Israels Armee hat jetzt vier Fünftel von Hebron an die palästinensische Polizei übergeben. Damit ist keine der beiden Seiten so recht glücklich  ■ Aus Hebron Susanne Kaiser

Mit großer Geste versucht ein palästinensischer Polizist Herr des Verkehrschaos an der Hebroner Ortseinfahrt zu werden. Zwar schert sich niemand so recht darum, aber jede seiner Gesten sagt: Seht her, jetzt bin ich hier der Boß. Endlich.

Um 6.10 Uhr an diesem Morgen hat der letzte Soldat das israelische Militärhauptquartier verlassen. Zwei Stunden später ziehen 400 Polizisten der palästinensischen Autonomiebehörde in die vier Fünftel der Stadt ein, die sie ab jetzt kontrollieren werden. An ihrem ersten Tag hat es sich natürlich niemand nehmen lassen, Dienst zu schieben. In Rudeln stehen die komplett neu eingekleideten Polizisten an den Straßenecken. Noch haben nicht alle so viel zu tun wie besagter Verkehrspolizist.

Seit der Nacht, kurz nach der endgültigen Absegnung des Hebron-Abkommens durch die Knesset, weht die israelische Flagge nicht mehr über dem Militärhauptquartier, das für die Palästinenser Hebrons 30 Jahre Besatzung und Repression symbolisiert. Doch riesige Befreiungspartys auf den Straßen bleiben aus. Auch das kurze Shakehands zwischen einem israelischen und palästinensischen Offizier, als der letzte israelische Armeelastwagen in der Frühe das Quartier verläßt, fällt nicht sehr bedeutungsschwanger aus. Man hat es ja auch in Zukunft nicht weit. Im Zentrum von Hebron werden auch weiterhin tausend israelische Soldaten 50 radikale jüdische Siedlerfamilien schützen. Premier Benjamin Netanjahu wird nicht müde zu betonen, daß Israel die „älteste jüdische Siedlung der Welt“ nicht aufgeben wird.

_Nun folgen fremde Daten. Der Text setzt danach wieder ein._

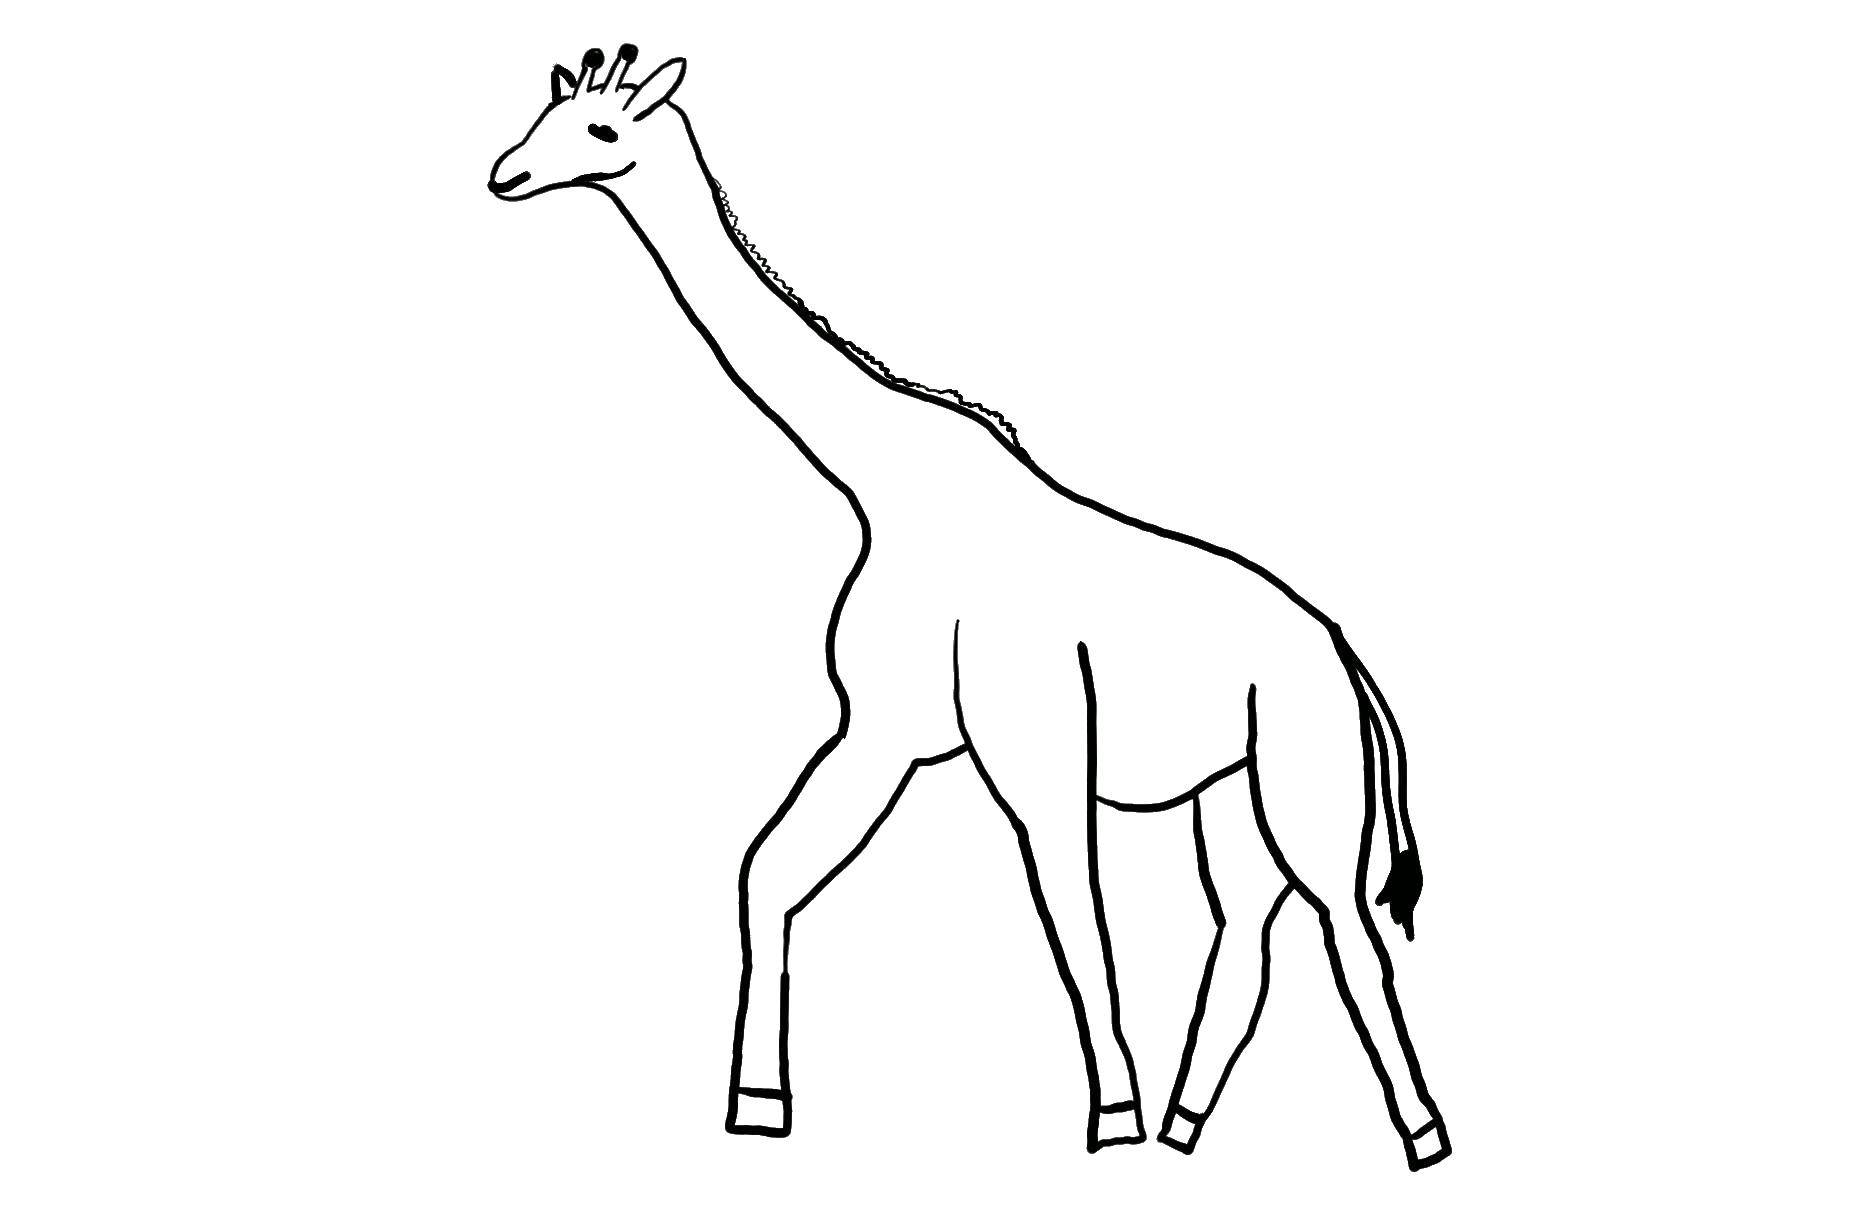 Опис: розмальовки  Жирафик. Категорія: Контур жирафа для вирізання. Теги:  Тварини, жираф.

Die „Straße der Märtyrer“ ist zum ersten Mal seit drei Jahren wieder ein quirliges Zentrum. Nach dem Massaker des jüdischen Siedlers Baruch Goldstein in der Ibrahim-Moschee 1994 hatte die israelische Militärverwaltung aus Angst vor Racheakten alle Geschäfte schließen lassen. Palästinensern war es zudem nicht erlaubt, mit dem Auto hier langzufahren. Unter den Augen von Hunderten von israelischen Militärs und Polizisten am einen, Dutzenden palästinensischen Polizisten am anderen Ende und mindestens ebenso vielen JournalistInnen in der Mitte haben die ersten Geschäfte wieder geöffnet. Wie an einem Feiertag flanieren Hunderte von Palästinensern durch die Straße. Eine Gruppe plakatiert überall Arafat-Plakate, die ein kleiner Junge mit Kippa und Schläfenlocken in unbeobachteten Momenten so gut wie möglich wieder zu verwüsten versucht.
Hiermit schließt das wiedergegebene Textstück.